U.S. Pat. No. 4,303,721 discloses a blanket construction which contains a hard rubber stabilizing layer between the compressible cellular layer and the printing surface layer. The hard stabilizing rubber layer made possible the elimination of a woven stabilizing layer between the compressible layer and the printing surface layer and thus eliminated the problems of reduced print sharpness and falloff at the gap. The hard rubber layer between the compressible layer and the printing surface layer was described as having to have a durometer of between 75 and 95 (Shore A). It was indicated that generally such rubbers will contain substantial amounts of inorganic fillers or carbon black and more rigid thermosetting polymers such as phenolic resins to achieve this hardness.
Printing blankets prepared according to U.S. Pat. No. 4,303,721 have shown excellent performance on sheetfed presses with regard to print quality and register control, however, blankets prepared according to this technology have not performed as well on multiple color web presses because of poor register control (misalignment of colors) after paper splices or blanket washes. Furthermore, their performance is very sensitive to packing height. Packing height is defined as the height of the printing surface of the blanket (measured in thousandths of an inch) above the bearer height of the blanket cylinder. Blankets prepared according to U.S. Pat. No. 4,303,721 tend to exhibit poor packing latitude, i.e., must be packed to within plus/minus 0.001" of optimum height or they will result in poor register control (color movement), web wrinkles and web narrowing due to excessively high tensions between successive printing units. Blankets also exhibit the unusual property of feeding less web through the printing nip as packing heights are increased (negative web feed). By contrast, blankets which have a fabric layer above the compressible layer feed more web through the printing nip as their packing height is increased (positive web feed).

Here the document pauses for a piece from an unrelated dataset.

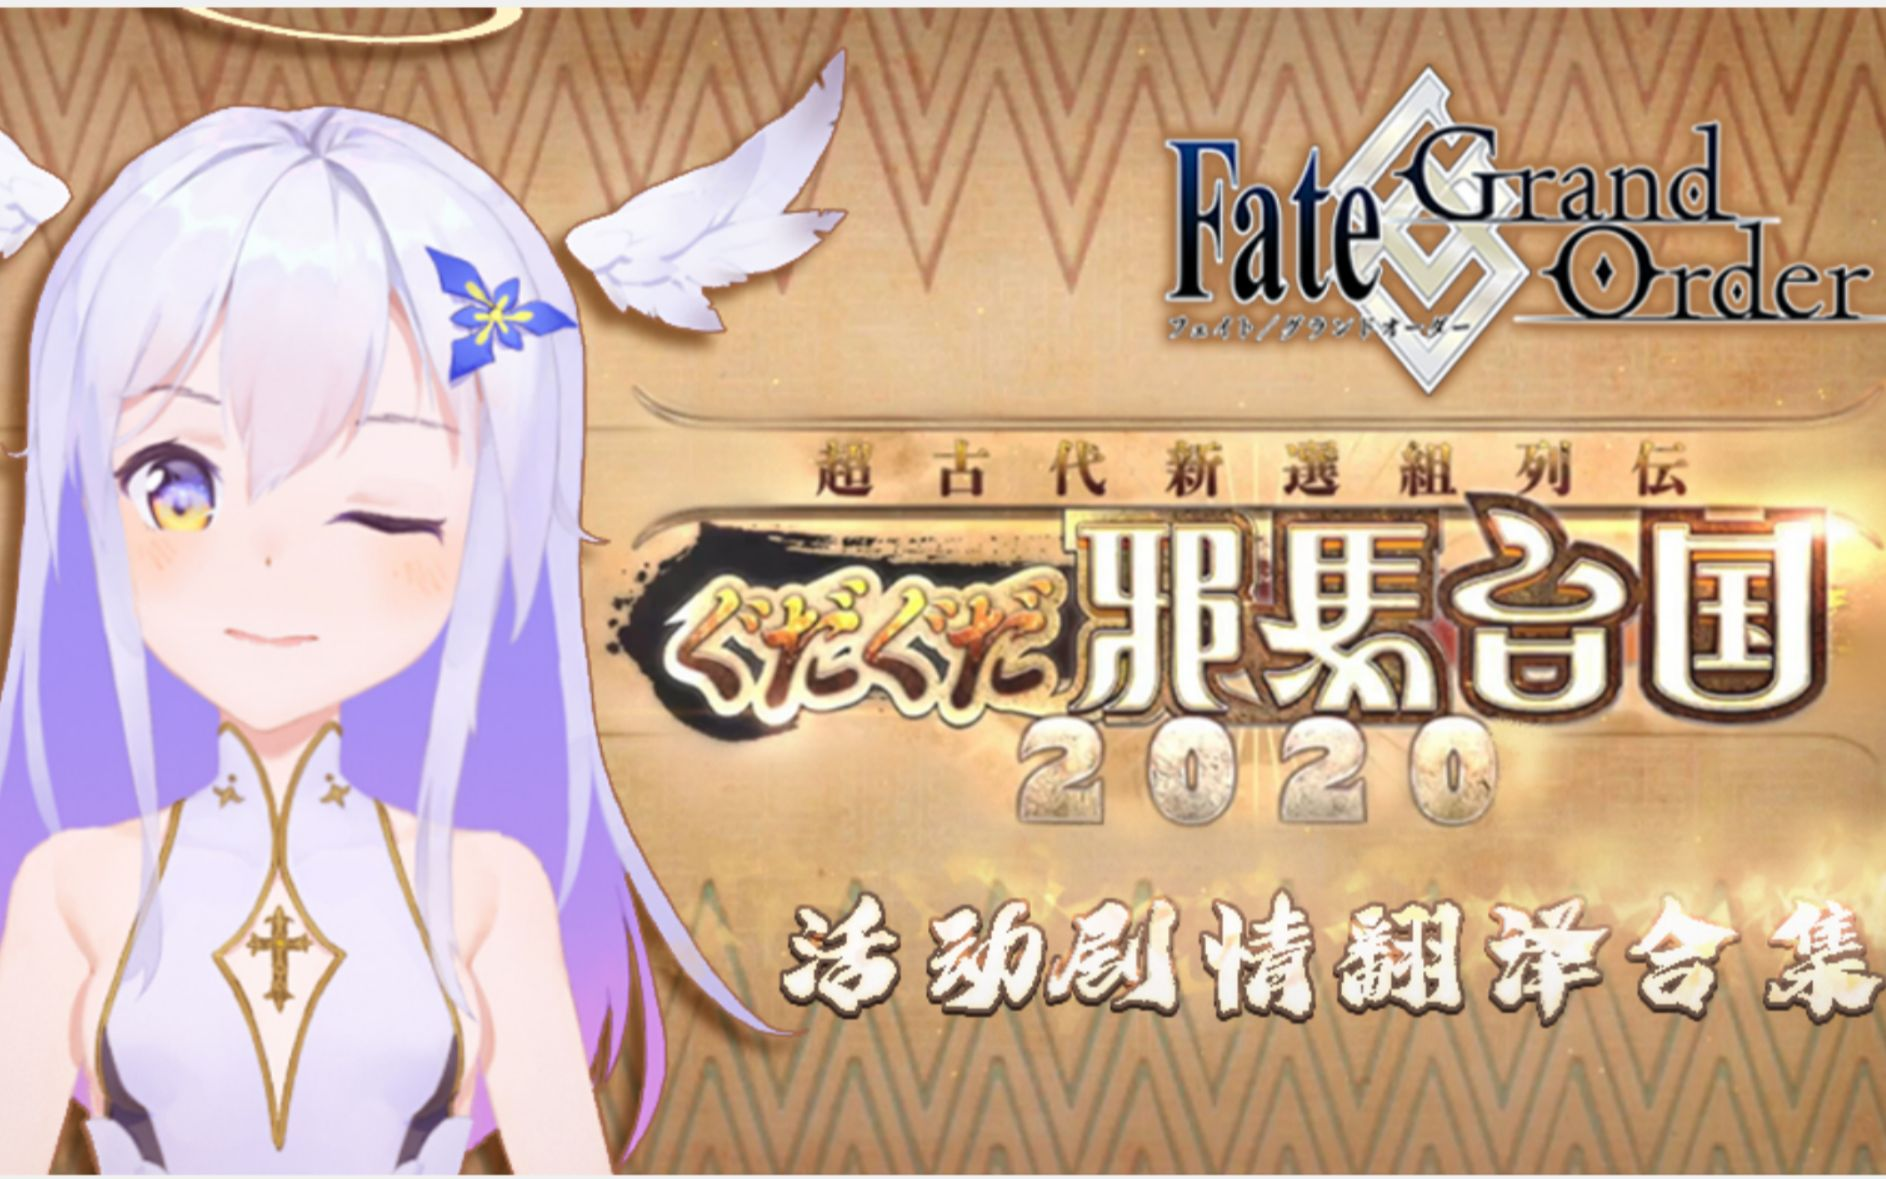 卑弥呼 fate

The present invention provides a compressible printing blanket having performance characteristics equal to or greater than a blanket containing a fabric but without the drawbacks of loss of print sharpnes or the phenomenon of falloff at the gap. Additionally, it provides a neutral web feed, i.e., tension on each side of the press nip is essentially equal as well as excellent packing latitude, thus overcoming the problems with blankets made in accordance with U.S. Pat. No. 4,303,721.